クスノキが見守る歴史、御厨天神社の大修復【前編】|東大阪市

近鉄八戸ノ里駅から北へ徒歩15分ほどの場所にある御厨天神社。
市の指定天然記念物であるクスノキを御神木とし、御本社や境内社、石造物に至るまで深い歴史が刻まれた神社です。

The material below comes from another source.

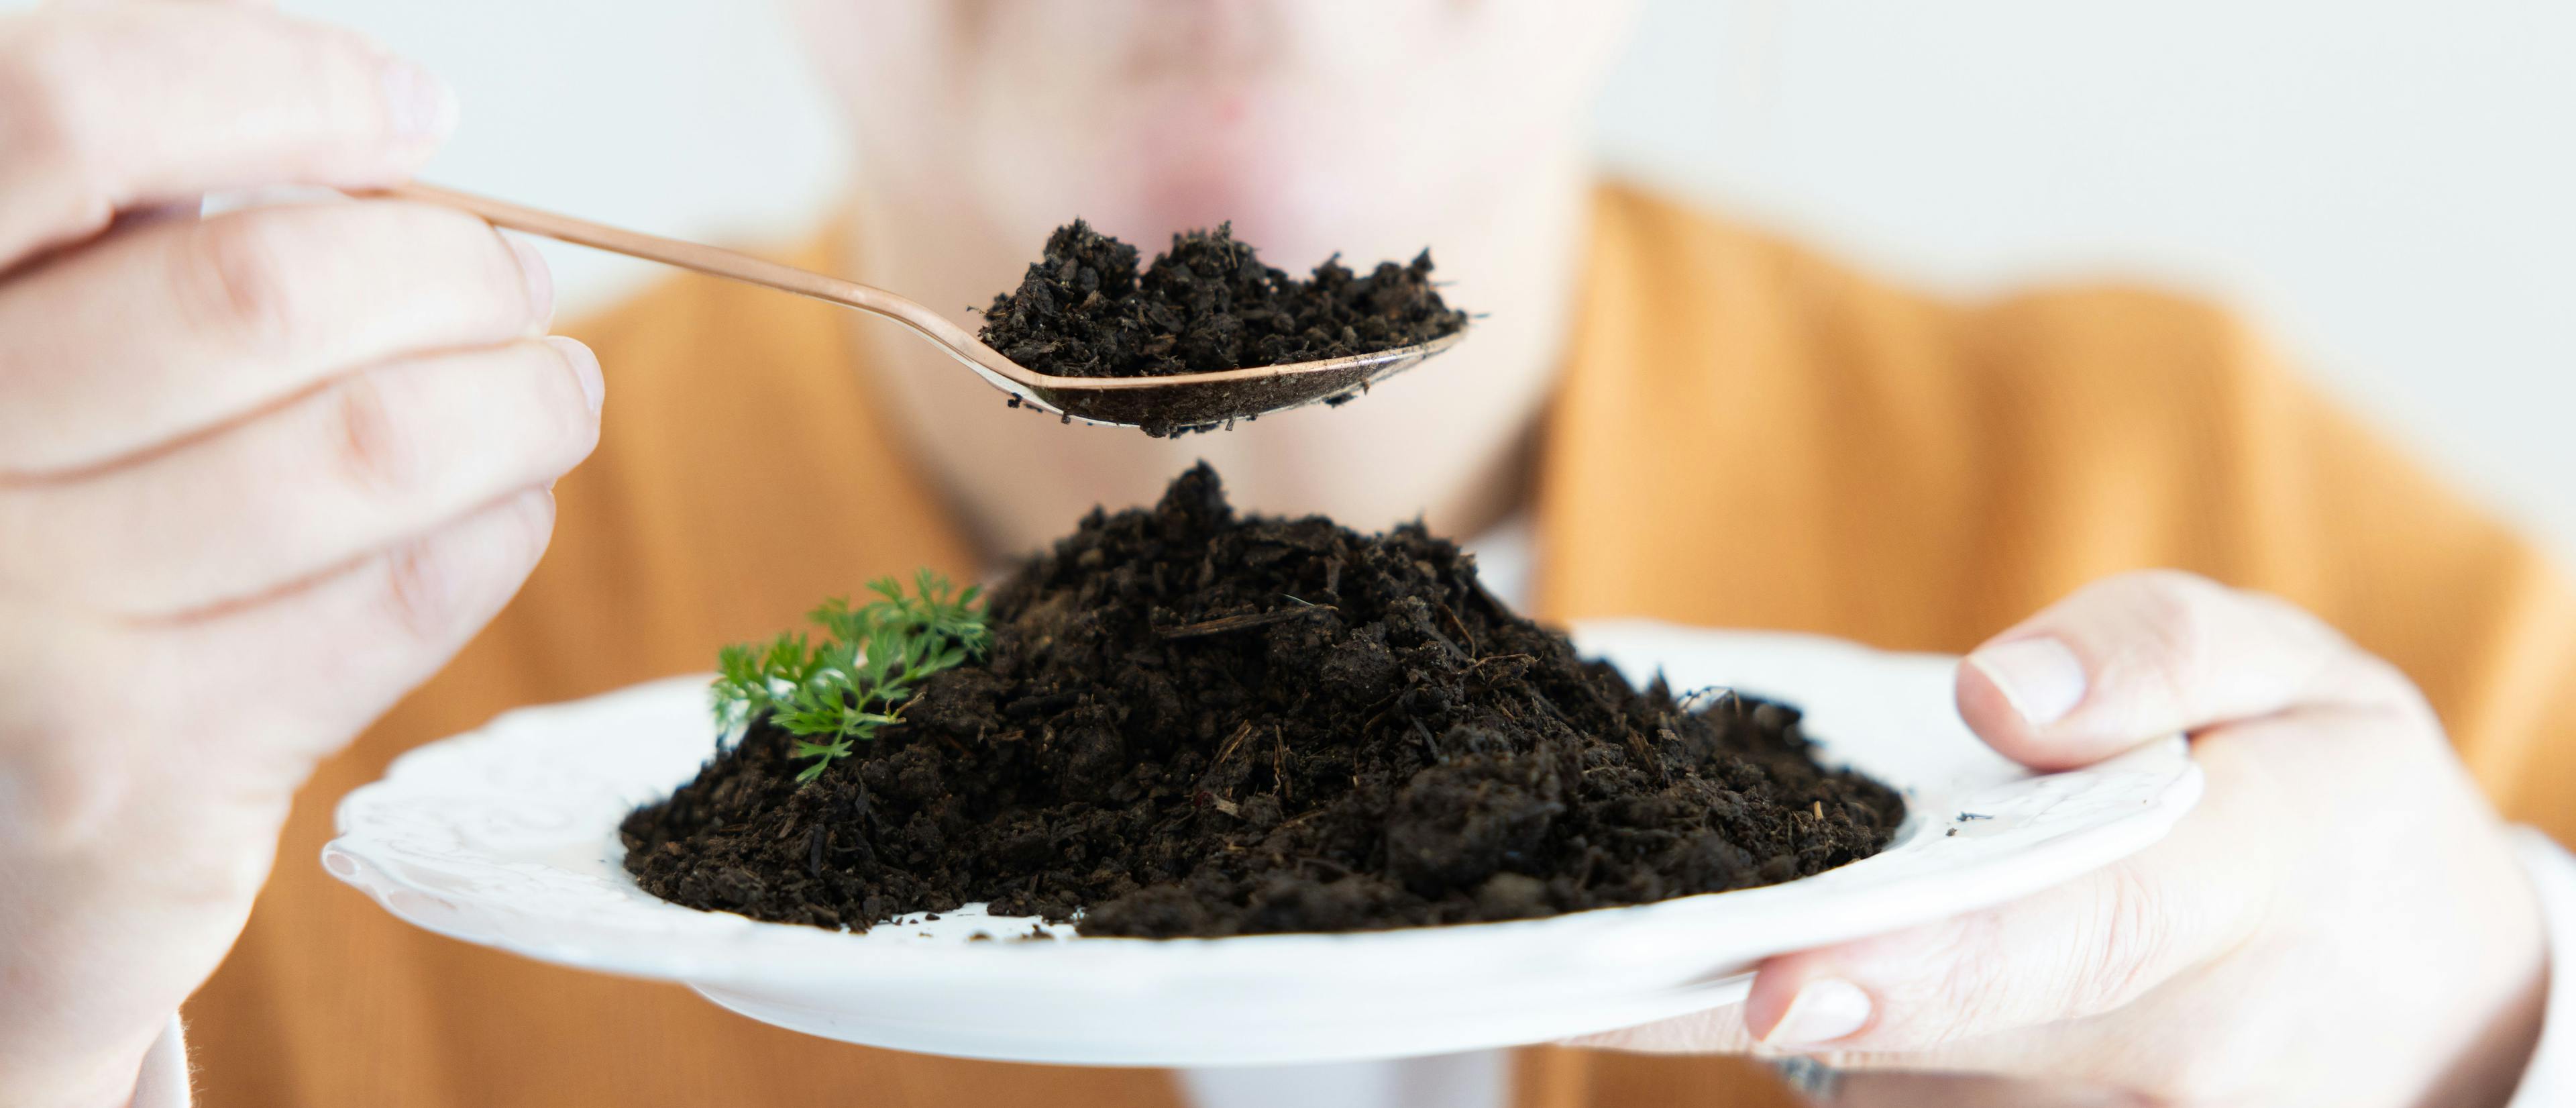 A woman scoops a spoonful of soil from a plate.

このほど大修復を行った天神社について、宮司の田原さんにお話を伺ってきました。

「御厨」の読み方は?歴史ある地に佇む古社の謂れ

突然ですが、大阪の難読地名問題です。

「御厨」は何と読むでしょうか?


正解は、、、


「みくりや」


御〈神の〉+厨〈台所〉という意味です。

東大阪の北部にはかつて、河内湖という湖がありました。生駒山の麓に迫る大きな湖です。
平安時代、湖の周辺一帯は皇室領「大江御厨」と定められ、朝廷に献上する魚介類を獲るための拠点でした。
御厨の地名もこれに由来していて、海産物の荷揚げ場や倉庫があったのではないかとされています。

御厨天神社の正式名は、天神社(あまつかむやしろ)
祭神は大名持命と少彦名命の二柱で、境内社には智葉神社と小宮四社が祀られています。

旧御厨村の中心に位置しているこちらの神社ですが、創建年代は詳しく分かっていないのだそう。

一説では、平安時代中期には存在したのではないかと伝えられていて、千年以上前から御厨の地に鎮座している由緒ある神社なのです。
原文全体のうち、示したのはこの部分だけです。